Литмир - Электронная Библиотека
Содержание  
A
A

— Тут подставишь! — вздохнула Сахариха. — Только для детей и живешь! Им хорошо — и тебе хорошо, вот и все материнские радости наши!

У баб покраснели глаза, носы, они потянулись к концам платочков.

Для меня и брата Химка была нянькой. Увидев, в каком она теперь почете, я гордился ею, был с ней всем сердцем. Мне шел уже одиннадцатый год, и ребячья стыдливость, самолюбие не позволяли мне признаться в этом при всех.

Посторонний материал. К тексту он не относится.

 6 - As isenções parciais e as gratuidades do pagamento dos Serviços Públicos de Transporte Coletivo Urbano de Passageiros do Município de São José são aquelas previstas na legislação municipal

Володька был моложе меня на три года.

Брат с трудом дождался, когда тетка умолкнет, вырвал голову из маминых рук и спросил:

— Тетя, а в Грибовщину вы больше не пойдете, правда?

— Пойду, Володенька, пойду, детка! — Чтобы его утешить, Химка притянула племянника к себе.

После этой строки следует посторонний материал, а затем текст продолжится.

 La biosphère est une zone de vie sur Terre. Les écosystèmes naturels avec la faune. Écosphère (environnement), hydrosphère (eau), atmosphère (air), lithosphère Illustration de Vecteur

— Не на-адо, не уходи-ите, я опять с вами спа-ать буду!..

— Глупенький! Я у дяди Альяша мироносица. Без меня он никак не обойдется.

— А что вы там носите?

Бабы рассмеялись.

— Так называются служки божьи! — серьезно пояснила Химка. — Они ближе к господу, первейшие его помощники и носят добро по миру!

— А-а!.. — с сожалением вздохнул брат, но не сдавался: — Все равно не ходи-ите!

— Должна я, сынок, идти! Сон такой мне приснился. Бог приказал, чтобы я Альяша слушалась.

Снится мне, бабы, — повернулась она к женщинам, — будто очутилась я на первом небе. Вишу это я в облаках и боюсь оглянуться, чтобы не провалиться в бездну. Гляжу — передо мной люди какие-то на тучке. Будто на бережку, разлеглись и греются на солнышке!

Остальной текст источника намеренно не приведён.